Information provided —
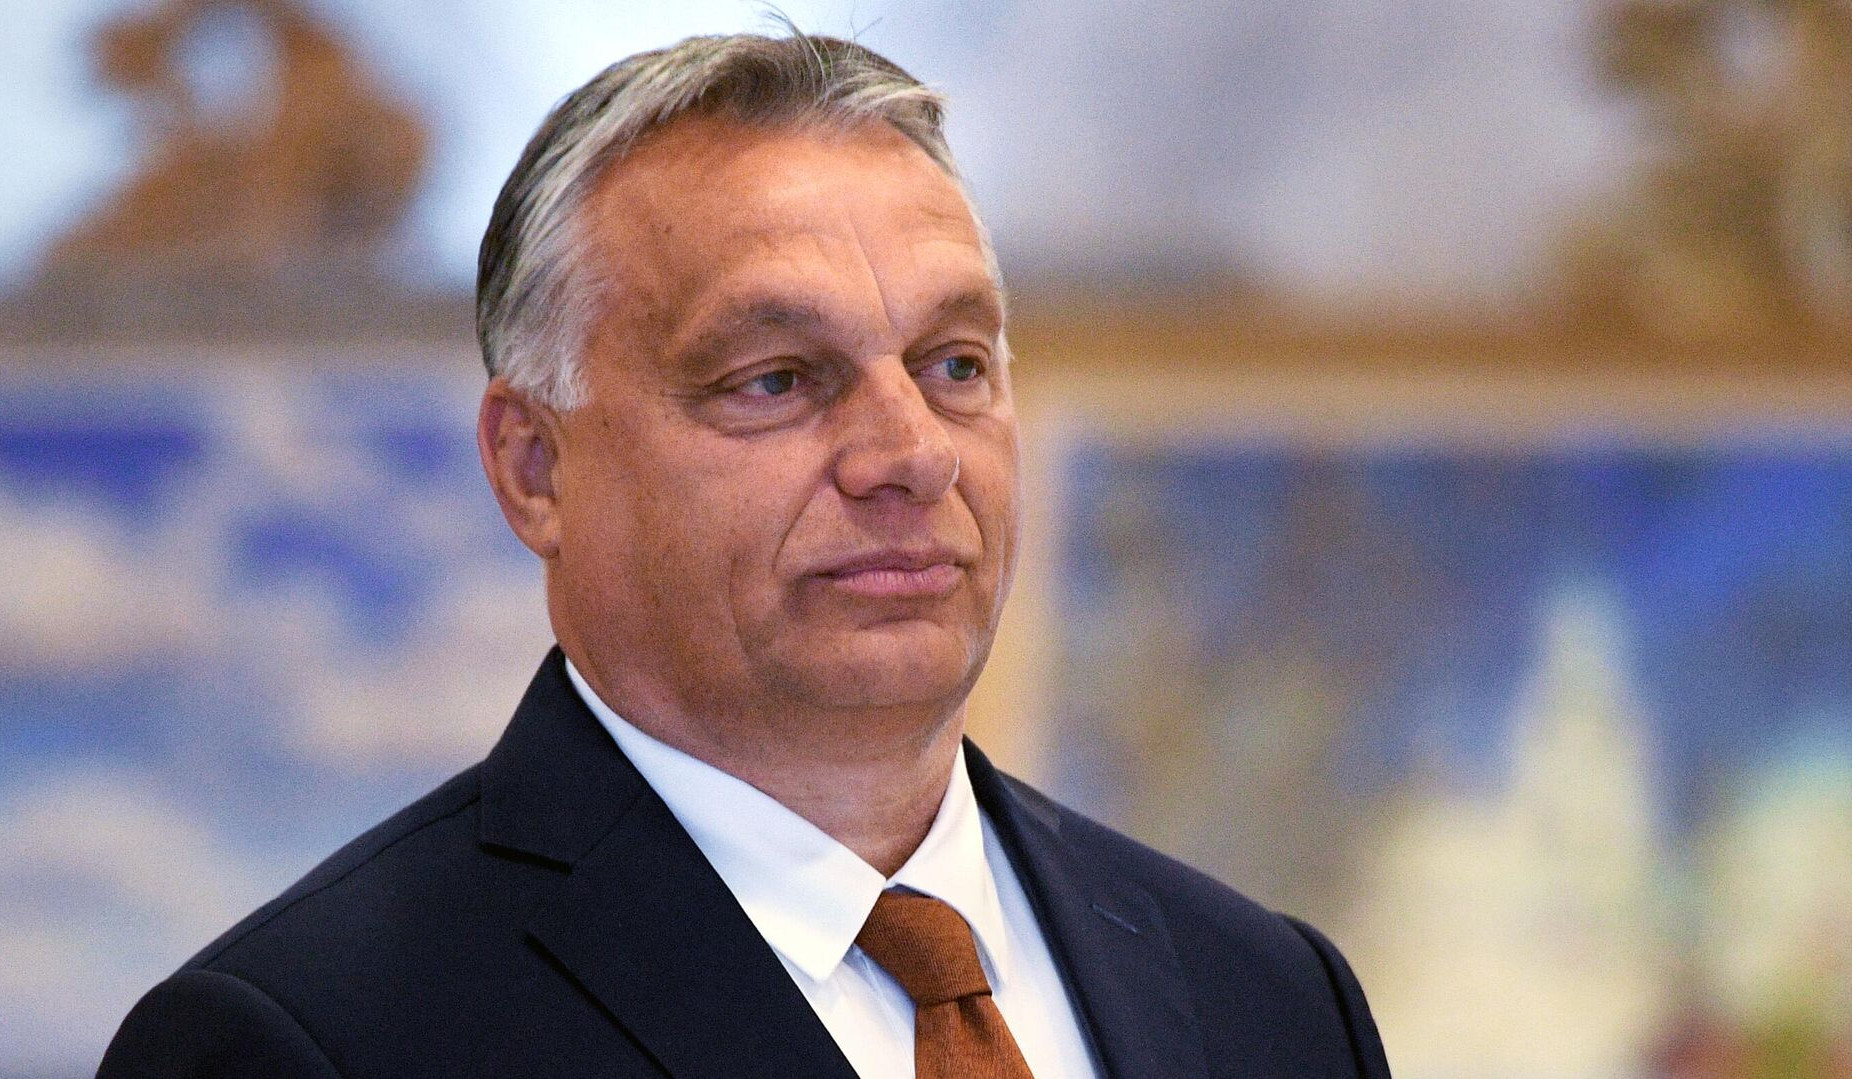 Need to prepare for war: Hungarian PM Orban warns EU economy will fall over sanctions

---

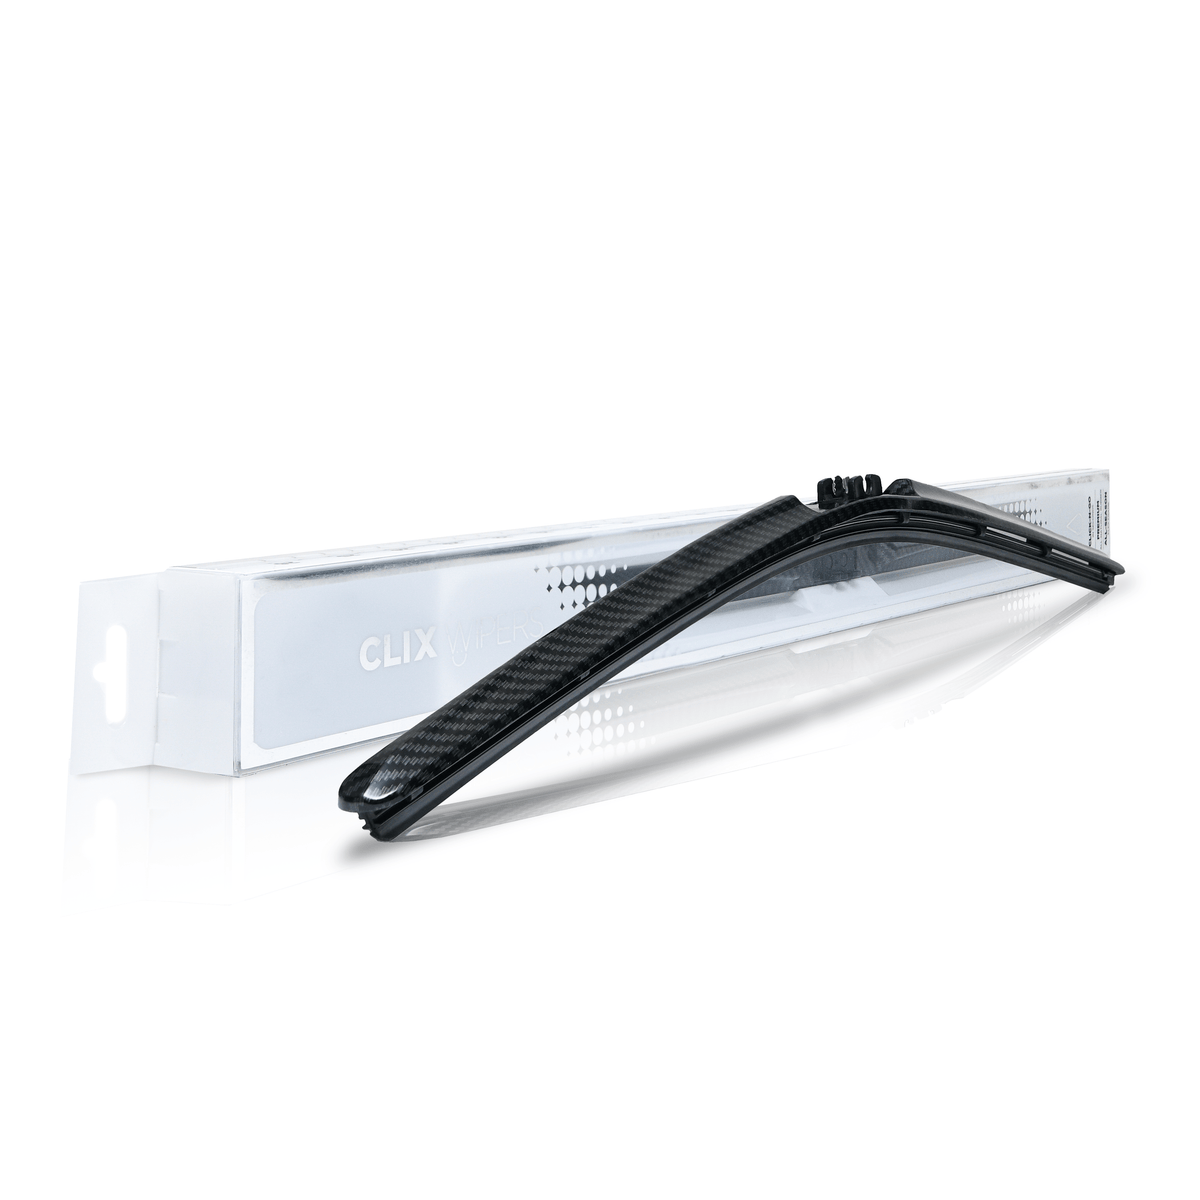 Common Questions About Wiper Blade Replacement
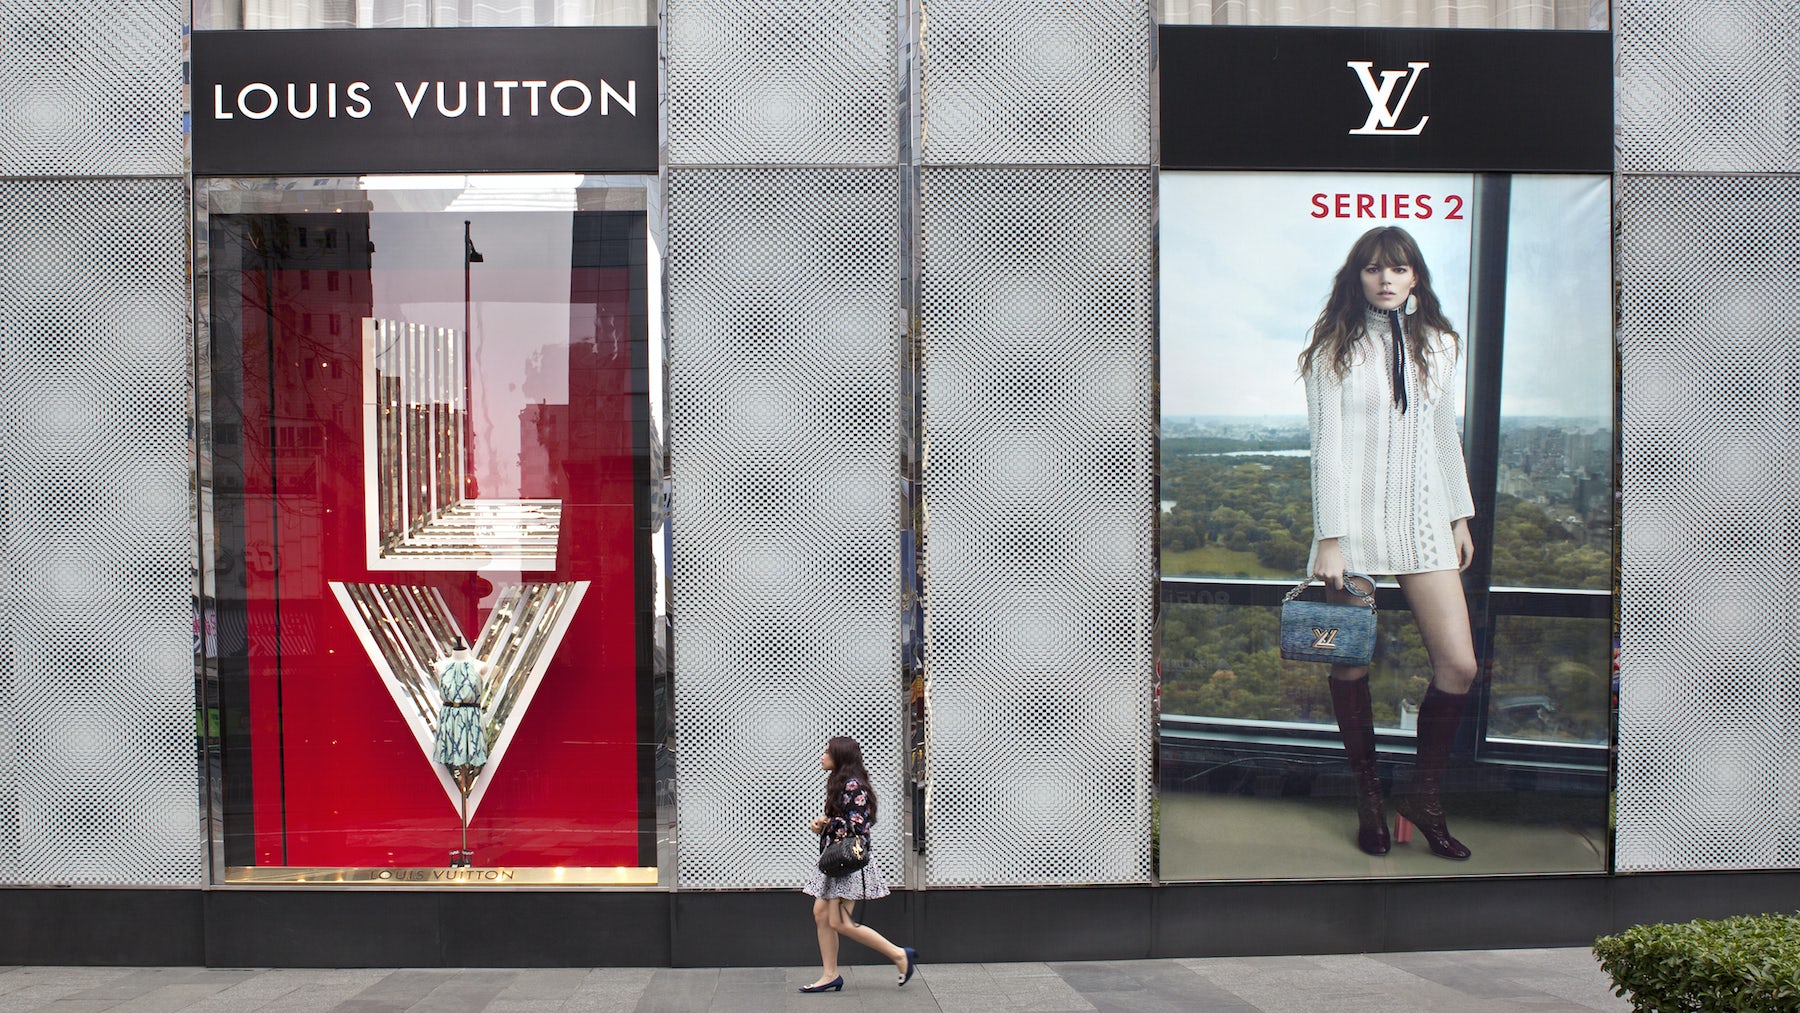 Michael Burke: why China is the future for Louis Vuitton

What needs to be done — From the material above, reproduce only what runs from the line holding "Common Questions About" down to the line holding "Michael Burke: why", both included, pictures excluded.

Answer to the problem —
 Common Questions About Wiper Blade Replacement
 Michael Burke: why China is the future for Louis Vuitton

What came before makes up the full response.